EXERCISE PROMPT
Could you repeat every line below exactly, skipping the images?

[[ SOURCE INFORMATION open ]]

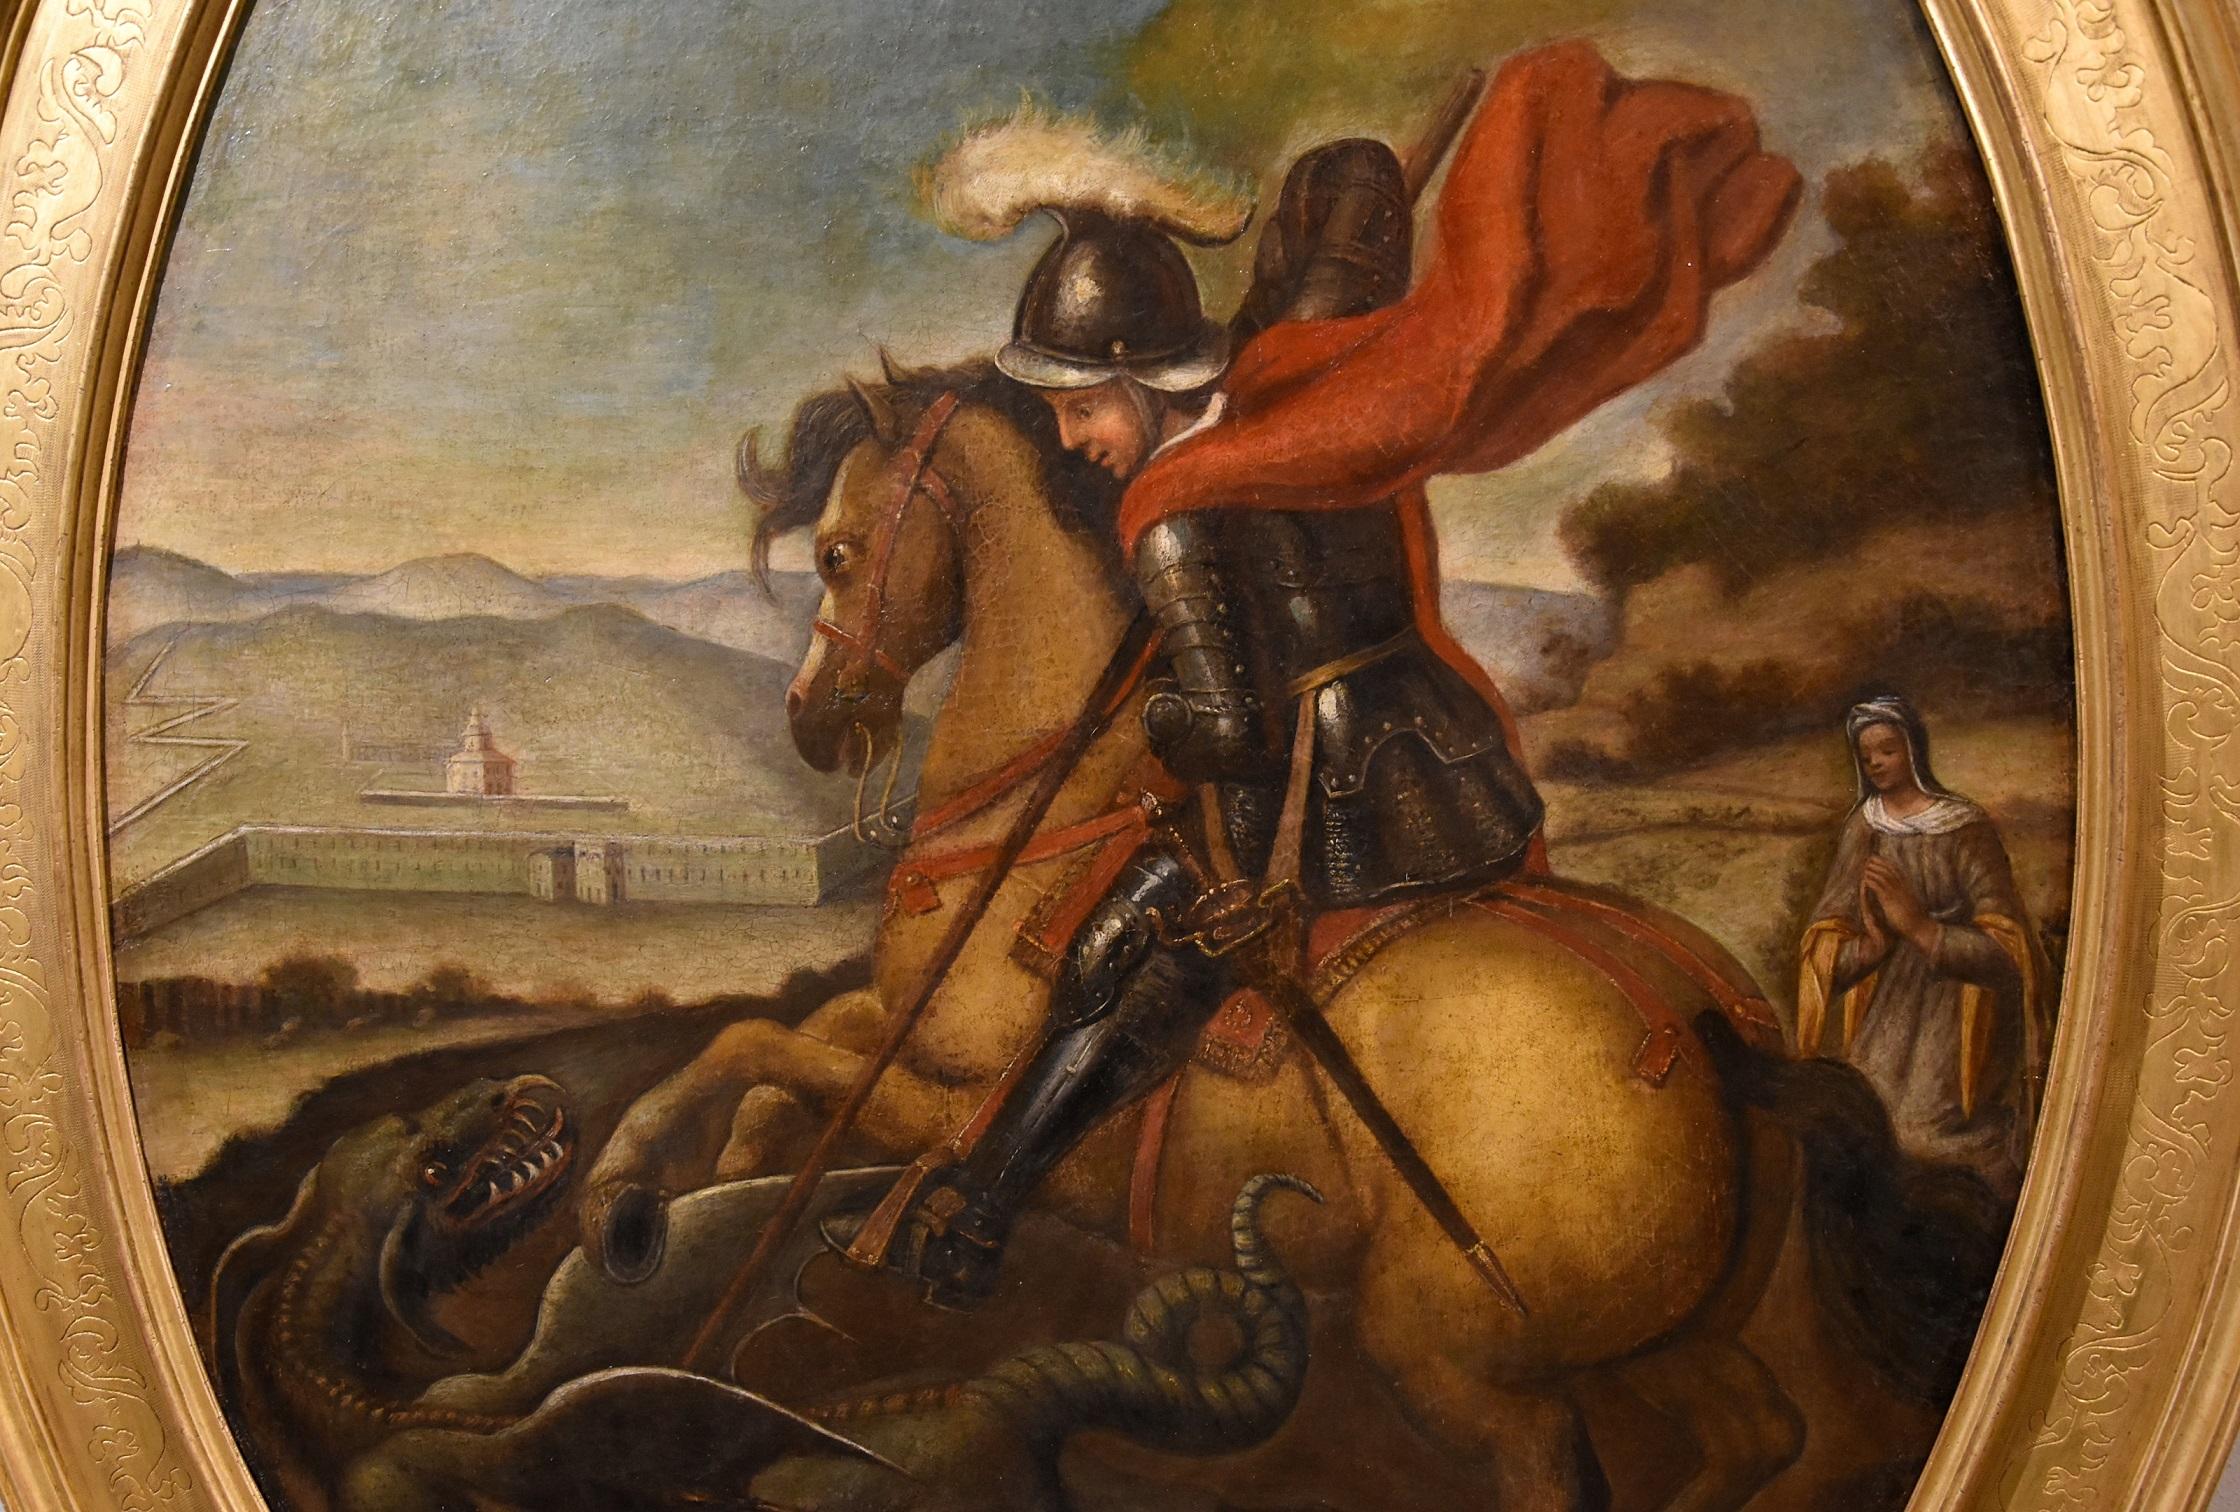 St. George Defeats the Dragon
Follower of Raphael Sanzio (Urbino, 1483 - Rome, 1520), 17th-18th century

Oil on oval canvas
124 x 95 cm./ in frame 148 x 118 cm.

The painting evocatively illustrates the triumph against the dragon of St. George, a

[[ SOURCE INFORMATION closed ]]

THE COMPLETED TASK
 St. George Defeats the Dragon
Follower of Raphael Sanzio (Urbino, 1483 - Rome, 1520), 17th-18th century

Oil on oval canvas
124 x 95 cm./ in frame 148 x 118 cm.

The painting evocatively illustrates the triumph against the dragon of St. George, a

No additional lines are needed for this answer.